Most inpatient wards now state that their goal is to return people to the community. Therefore, they should be designed around preparing people for community living. However, it still seems that some are focused on keeping clients and staff comfortable where they are. As a result, clients end up spending most of their day doing activities that they will not be able to do in the community.
- Full cable TV on the ward. I don't even have full cable TV, because I do not feel like I can afford it. Clients spend most of their days watching the TV, which makes things nice and comfortable for them and for staff. What are they going to do with their time when they cannot afford cable?
- Cigarette rationing. Staff handing out cigarettes to clients one at a time on a certain schedule e.g. one an hour. Again, this makes things nice and comfortable for the client and staff. The client does not run out of cigarettes and start bumming them from other people,which usually results in conflict.

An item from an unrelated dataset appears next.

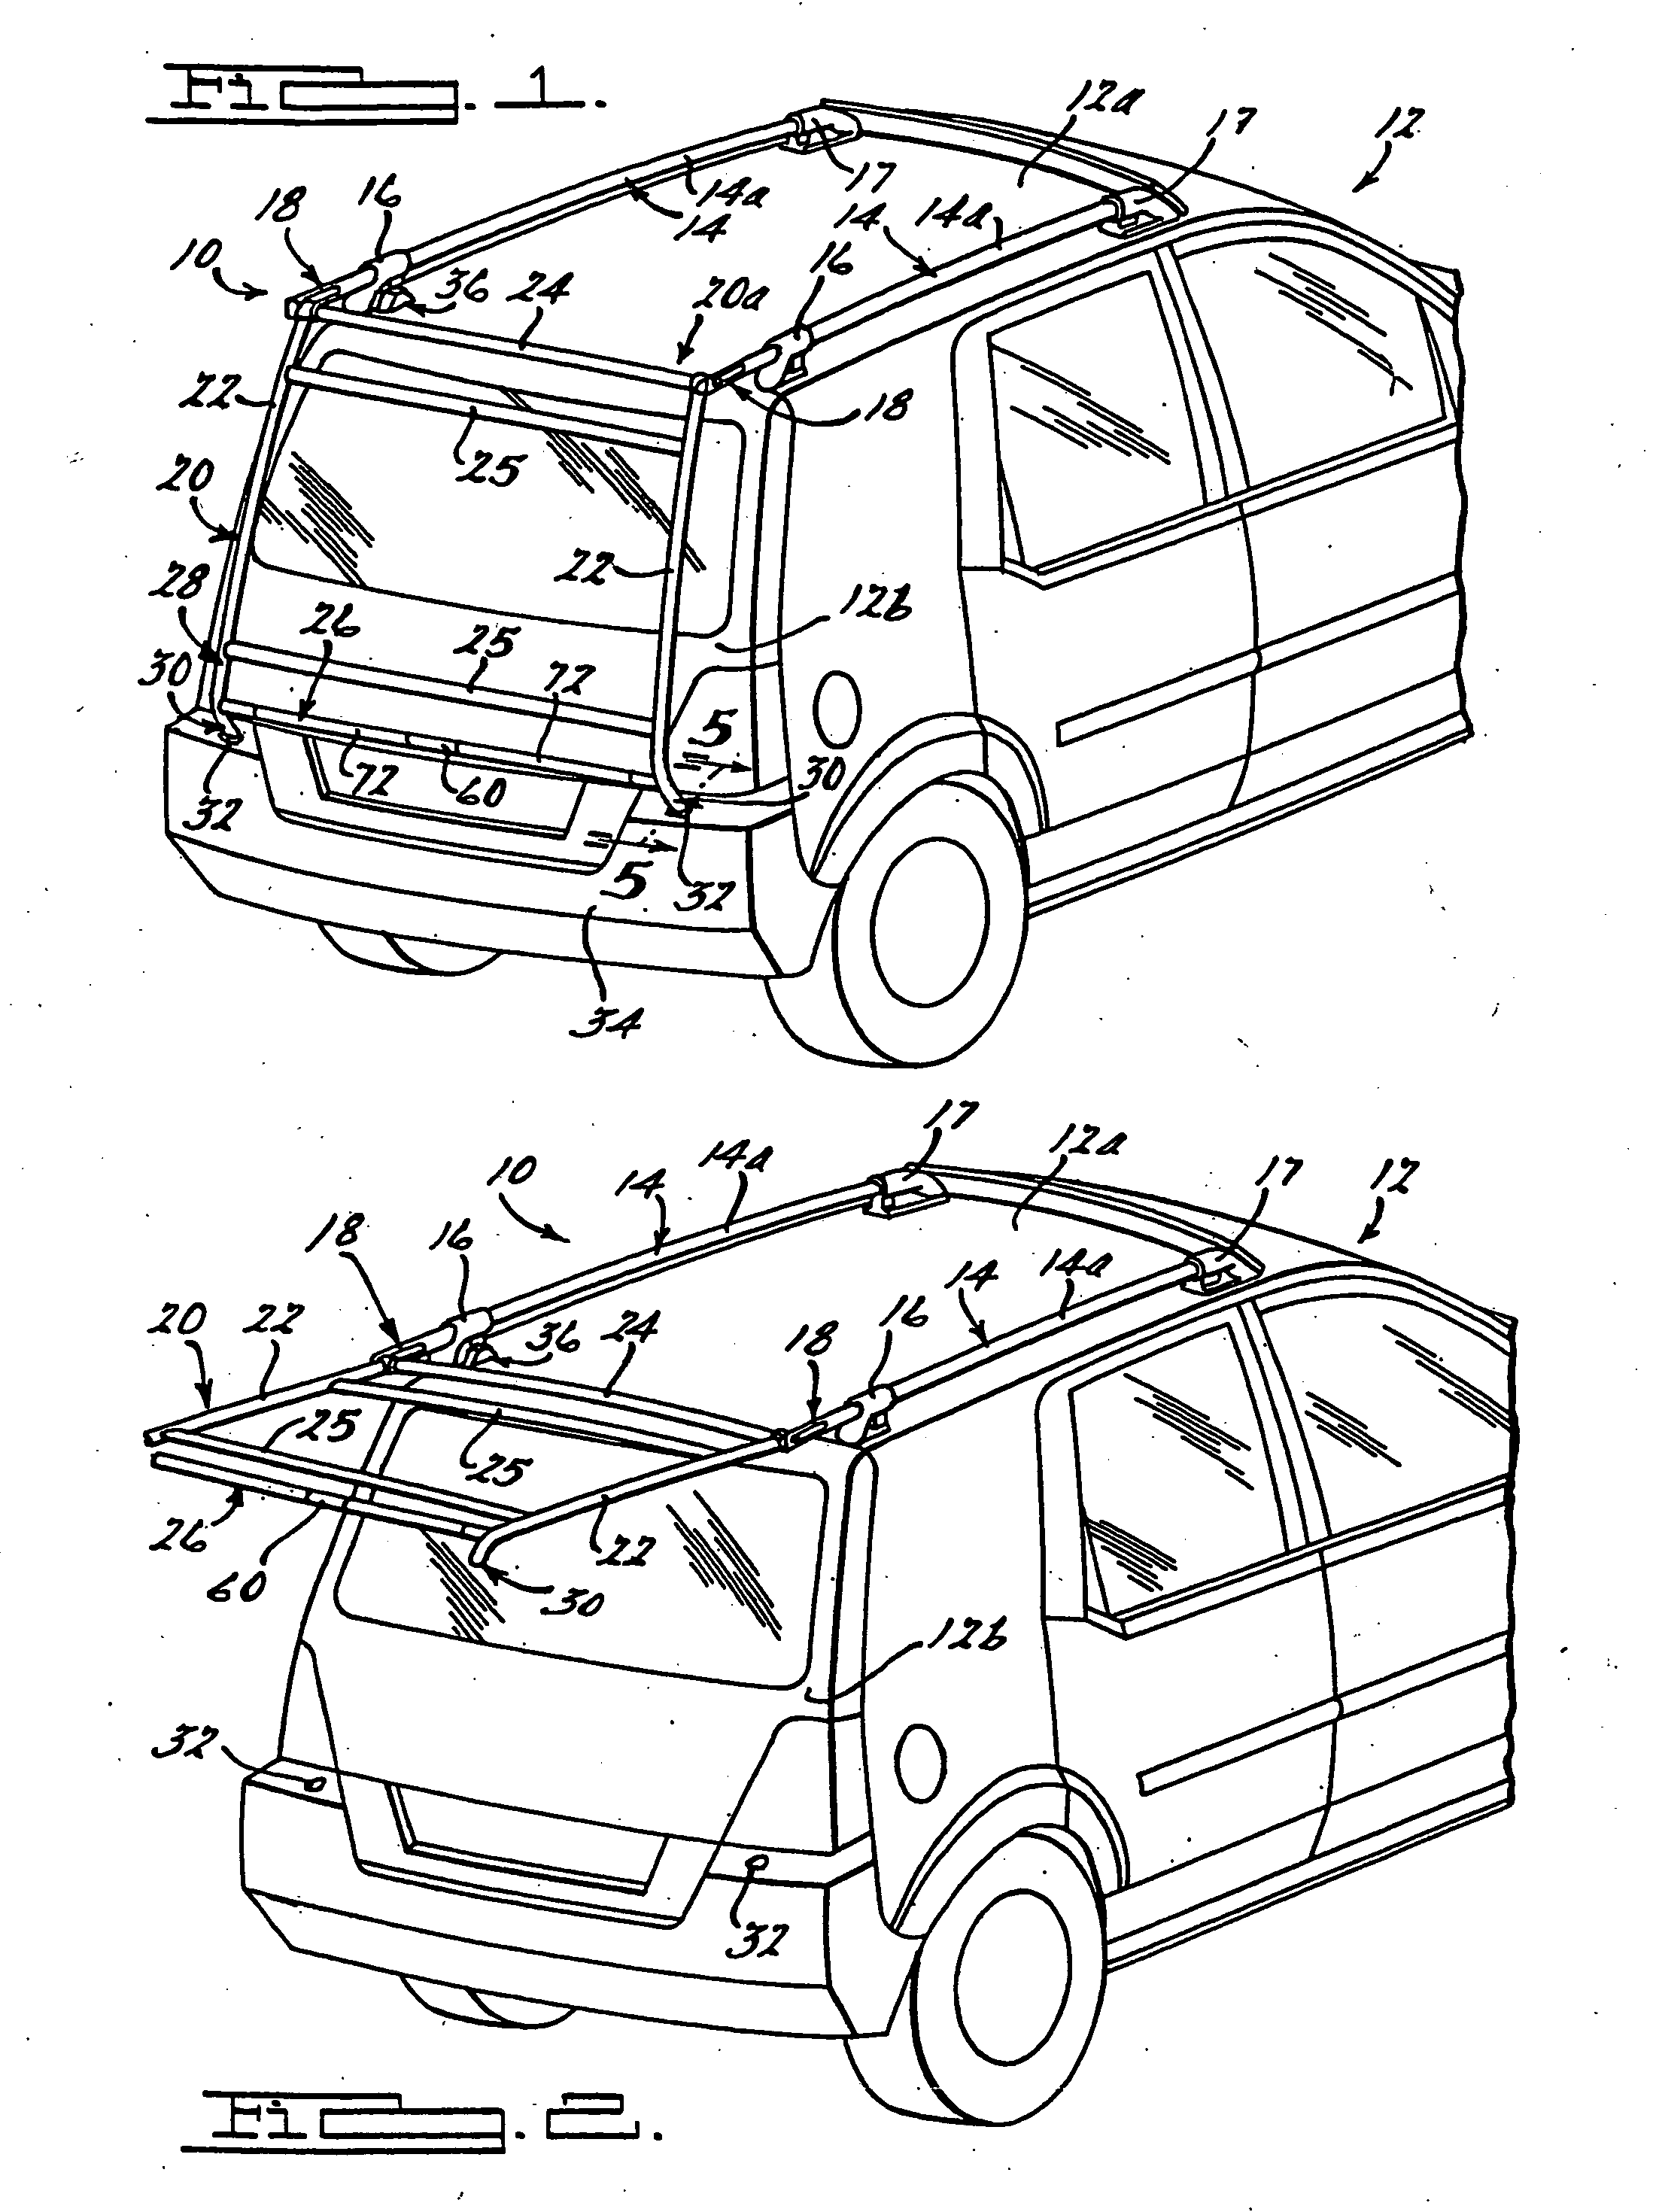 Vehicle article carrier having integral, moveable stowage bin

- Horticultural therapy. Great idea - I have read articles about the therapeutic benefits of gardening. However, when clients leave, most are going to be living in apartments without access to a garden. How about learning to take care of a plant or two in containers instead of a large outdoor garden?
- Sheltered work programs. These can give clients a great feeling of productivity. The only problem is that these are no longer available in the community, and the research that I have read suggests that if anything, participating in a sheltered work program decreases a person's ability to find and keep competitive employment. I can see how this would happen, as I saw workers miss doing their job for several days, with no consequences. Many inpatients are not mentally stable enough yet to obtain or maintain competitive employment, but how about focusing on supported volunteering which can be maintained after discharge?
- Computers with internet access on the ward. I am a bit undecided about this. I believe that learning to use technology is quickly becoming an essential ADL, and part of our role is to ensure clients have equal access to this technology, and the opportunity to learn to use it. However, my clients generally cannot afford computers and internet access, and must learn to use public use computers. I think it may be a good idea to have computers on the ward to be able to teach people to use them, but it needs to be followed up by teaching people to access public use computers e.g. take regular fieldtrips to the library to use the computers there.
- Unrealistic activities. Often clients are shuffled from one group to another - their time is scheduled for them. They become used to being told what activity to do instead of choosing. I have spoken to many people who have told me that they enjoyed doing crafts in hospital, but have not done them since discharge. Often the materials are too expensive or too difficult to obtain. Clients participate in elaborate meal preparations including main dish, side dish, dessert, and sometimes even appetizers. In the community, my clients are always looking for inexpensive one-pot meals. One frequent activity was taking clients for "drives", and sometimes stopping for coffee. Very few of the clients will ever have the opportunity to go for drives in the community.